◆ INSTRUCTIONS TO FOLLOW ◆
Below are records with pictures; copy word for word only the lines between the line with "SHAY JEWELRY-Pave White" and the line with "Sock It To Me women&#39;s knee", inclusive, and drop the pictures.

INFORMATION GIVEN below:

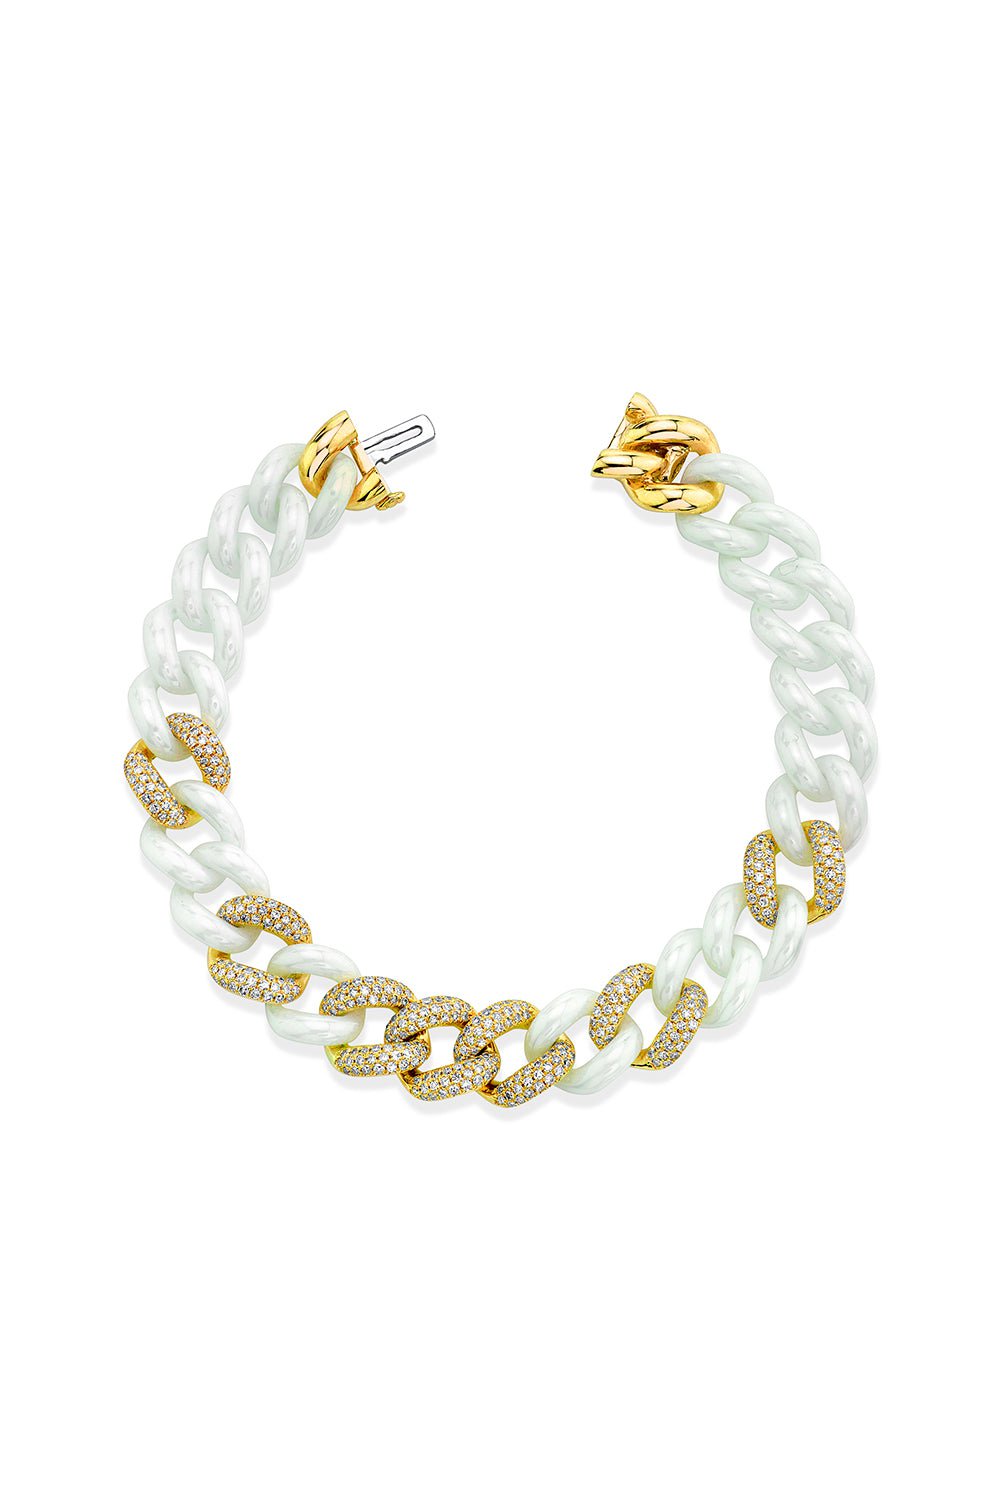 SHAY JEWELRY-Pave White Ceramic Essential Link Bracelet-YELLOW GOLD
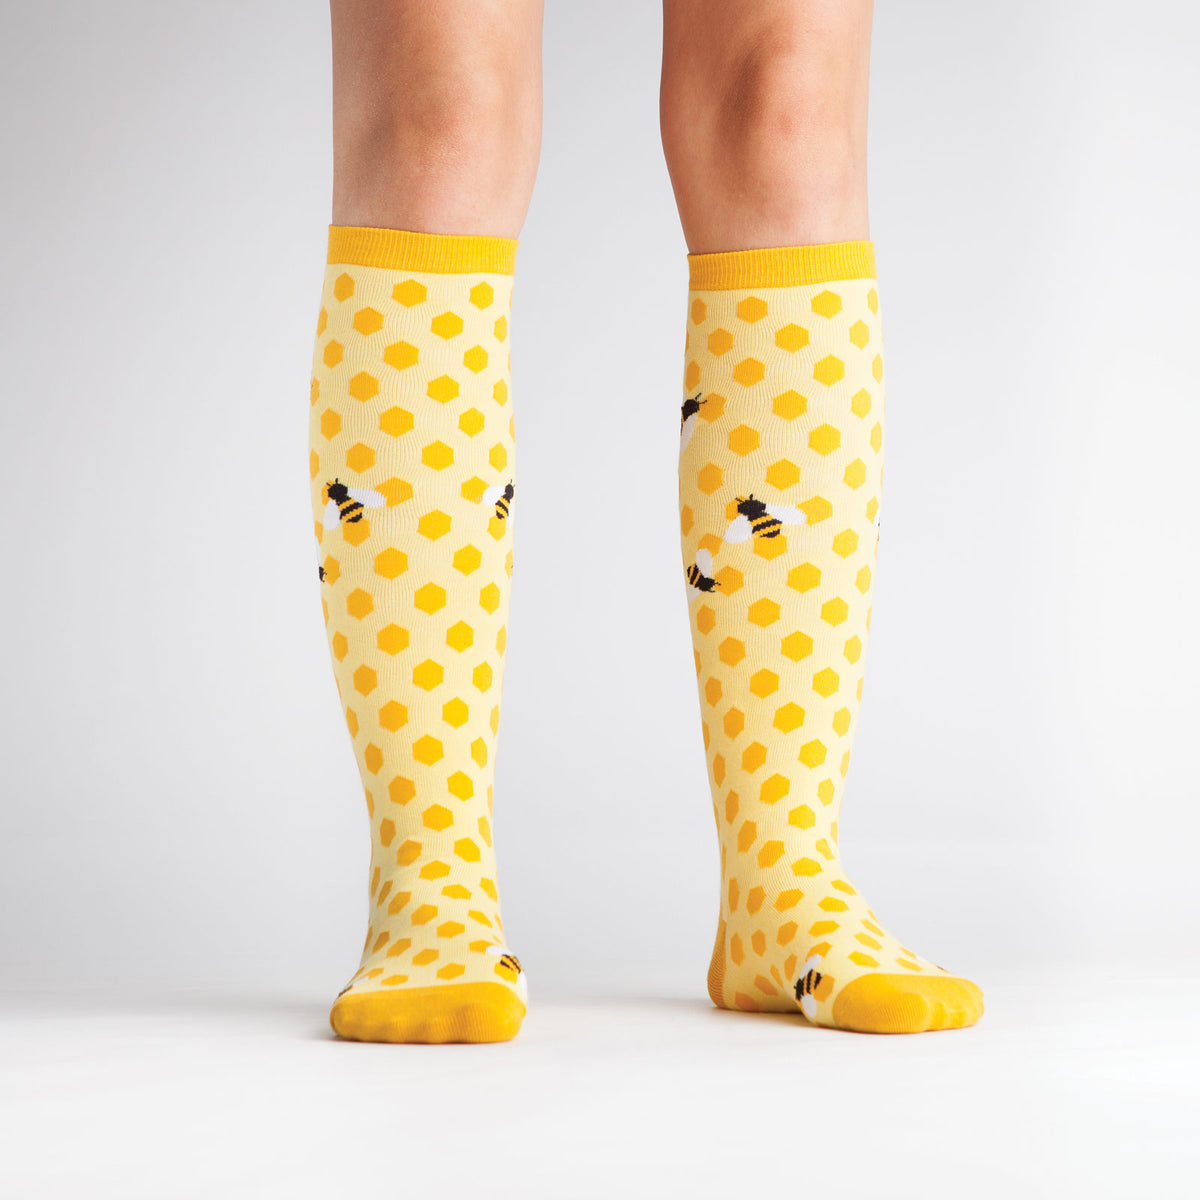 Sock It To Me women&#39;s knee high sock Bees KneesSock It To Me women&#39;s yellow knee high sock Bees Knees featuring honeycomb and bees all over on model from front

End of INFORMATION GIVEN.
INFORMATION GIVEN below:

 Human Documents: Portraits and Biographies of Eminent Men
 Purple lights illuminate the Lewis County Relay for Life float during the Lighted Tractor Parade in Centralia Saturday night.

End of INFORMATION GIVEN.
INFORMATION GIVEN below:

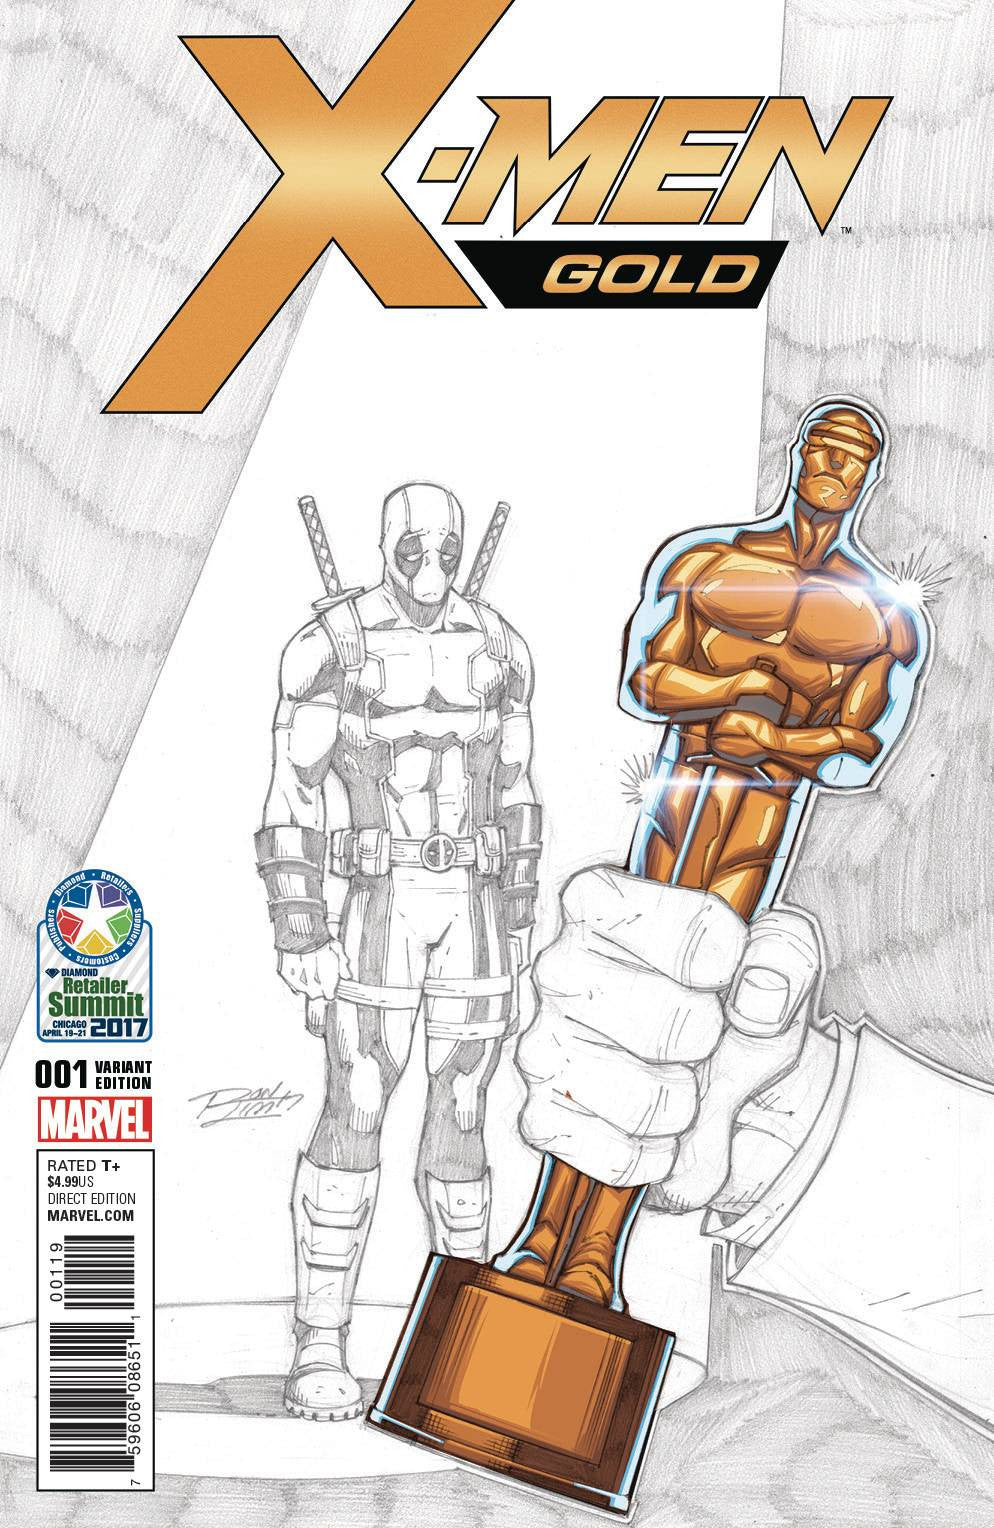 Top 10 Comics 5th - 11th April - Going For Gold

End of INFORMATION GIVEN.

◆ THE COMPLETED TASK ◆
 SHAY JEWELRY-Pave White Ceramic Essential Link Bracelet-YELLOW GOLD
 Sock It To Me women&#39;s knee high sock Bees KneesSock It To Me women&#39;s yellow knee high sock Bees Knees featuring honeycomb and bees all over on model from front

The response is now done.